From the start, the Bush White House has resisted efforts to disclose information about executive-branch activities and decision making. The energy task force headed by Cheney is just one example. In May 2001, the task force produced a report calling for increased oil and gas drilling, including on public land. The Sierra Club and another activist group, Judicial Watch, sued to get access to task-force records, saying that energy lobbyists unduly influenced the group. Citing the Constitution's separation of powers clause, the administration is arguing that the courts can't compel Cheney to disclose information about his advice to the president. A federal judge ordered the administration to produce the records, prompting an appeal to the Supreme Court.

Energy interests aren't alone in winning a friendly hearing from the Bush administration. Auto and tire manufacturers prevailed in persuading the administration to limit disclosure requirements stemming from one of the highest-profile corporate scandals of recent years. Four years ago, after news broke that failing Firestone tires on Ford SUVs had caused hundreds of deaths and many more accidents, Congress enacted a new auto and tire safety law. A cornerstone was a requirement that manufacturers submit safety data to a government early-warning system, which would provide clues to help prevent another scandal. Lawmakers backing the system wanted the data made available to the public. After the legislation passed, officials at the National Highway Traffic Safety Administration said they didn't expect to create any new categories of secrecy for the information; they indicated that key data would automatically be made public. That sparked protests from automakers, tire manufacturers, and others. After months of pressure, transportation officials decided to make vital information such as warranty claims, field reports from dealers, and consumer complaints--all potentially valuable sources of safety information--secret. "It was more or less a bait and switch," says Laura MacCleery, auto-safety counsel for Public Citizen, a nonprofit consumer group. "You're talking about information that will empower consumers. The manufacturers are not going to give that up easily."

Get out of jail free
Government officials, unsurprisingly, don't see it that way. Lloyd Guerci, a Transportation Department attorney involved in writing the new regulations, declined to comment. But Ray Tyson, a spokesman for the traffic safety administration, denies the agency caved to industry pressure: "We've listened to all who have opinions and reached a compromise that probably isn't satisfactory to anybody."

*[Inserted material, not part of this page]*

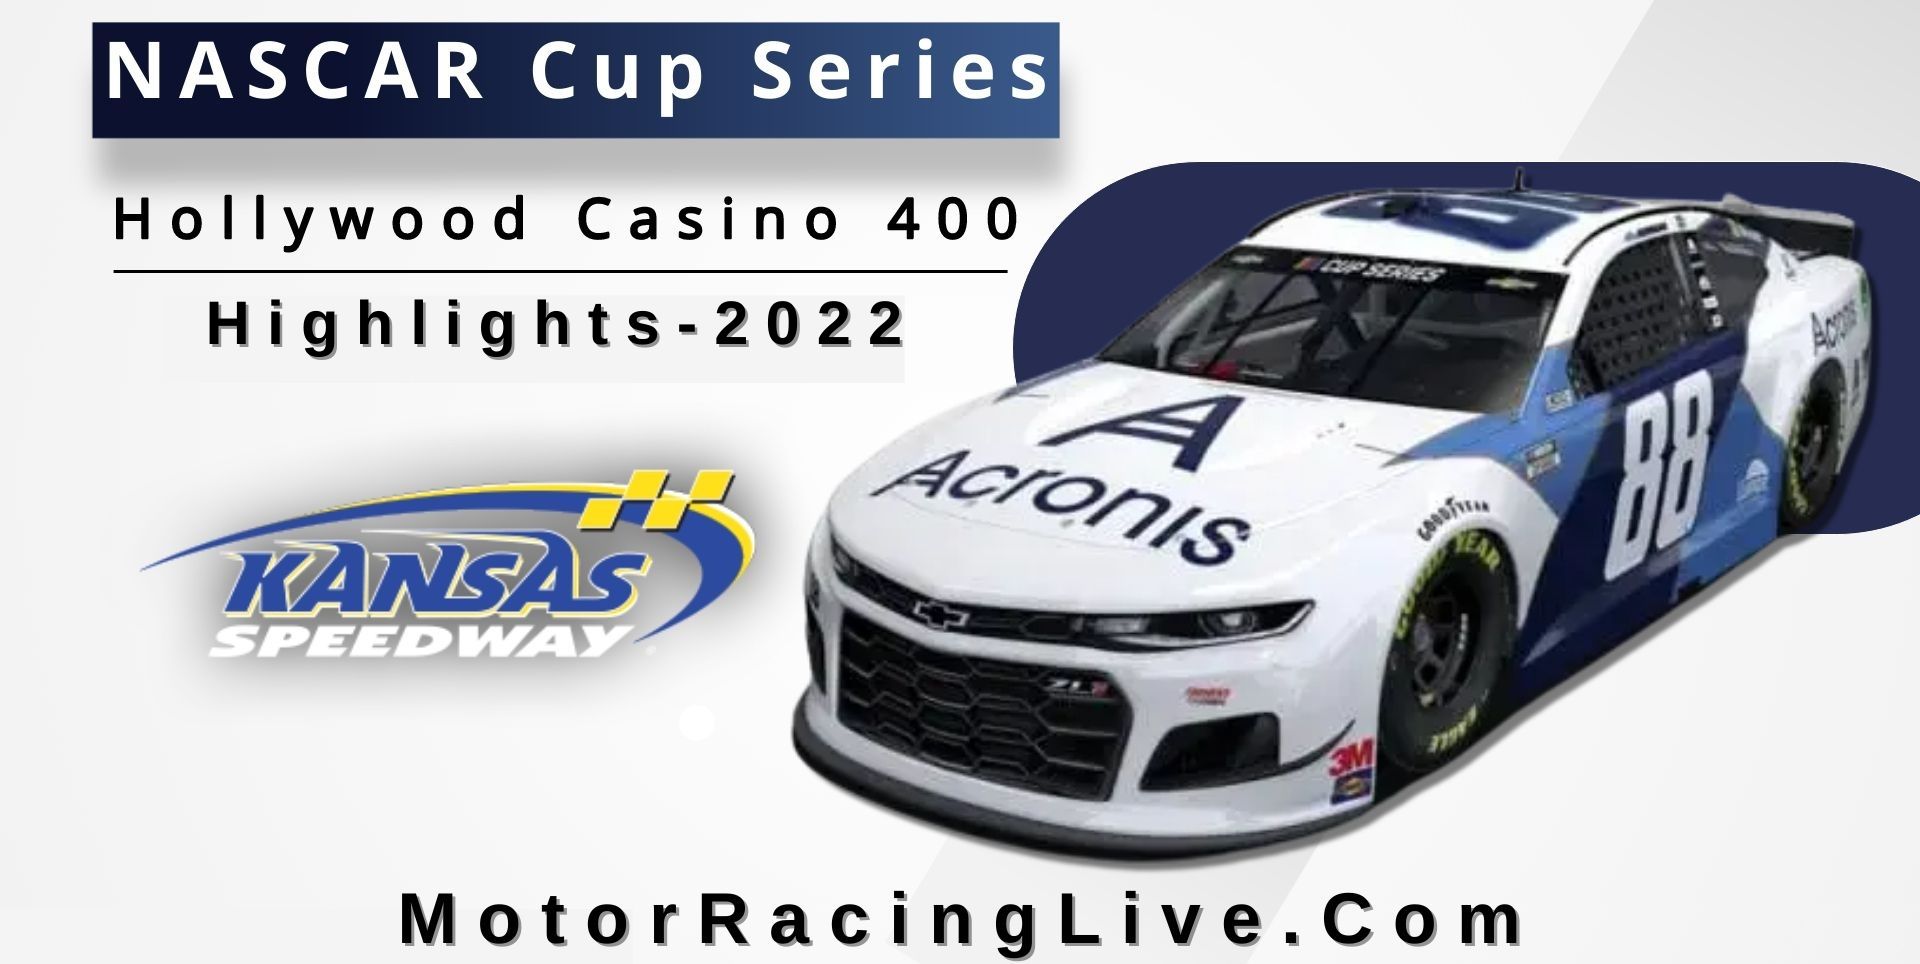 Hollywood Casino 400 Highlights 2022 NASCAR Cup

Some of the strongest opposition to making the warning-system data public came from the Alliance of Automobile Manufacturers. The organization, whose membership comprises U.S. and international carmakers, argued that releasing the information would harm them competitively. The Bush administration has close ties to the carmakers. Bush Chief of Staff Card has been General Motors' top lobbyist and head of a trade group of major domestic automakers. Jacqueline Glassman, NHTSA's chief counsel, is a former top lawyer for DaimlerChrysler Corp. In the months before the new regulations were released, industry officials met several times with officials from the White House's Office of Management and Budget.

The administration's commitment to increased secrecy measures extends to the area of "critical infrastructure information," or CII. In layman's terms, this refers to transportation, communications, energy, and other systems that make modern society run. The Homeland Security Act allows companies to make voluntary submissions of information about critical infrastructure to the Department of Homeland Security. The idea is to encourage firms to share information crucial to running and protecting those facilities. But under the terms of the law, when a company does this, the information is exempted from public disclosure and cannot be used without the submitting party's permission in any civil proceeding, even a government enforcement action. Some critics see this as a get-out-of-jail-free card, allowing companies worried about potential litigation or regulatory actions to place troublesome information in a convenient "homeland security" vault. "The sweep of it is amazing," says Beryl Howell, former general counsel to the Senate Judiciary Committee. "Savvy businesses will be able to mark every document handed over [to] government officials as `CII' to ensure their confidentiality." Companies "wanted liability exemption long before 9/11," adds Patrice McDermott, a lobbyist for the American Library Association, which has a tradition of advocacy on right-to-know issues. "Now, they've got it."

Under the administration's plan to implement the Homeland Security Act, some businesses may get even more protection. When Congress passed the law, it said the antidisclosure provision would apply only to information submitted to the Department of Homeland Security. The department recently proposed extending the provision to cover information submitted to any federal agency. A department spokesman did not respond to requests for comment. Business objections were also pivotal when the Environmental Protection Agency recently backed off a plan that would have required some companies to disclose more about chemical stockpiles in communities.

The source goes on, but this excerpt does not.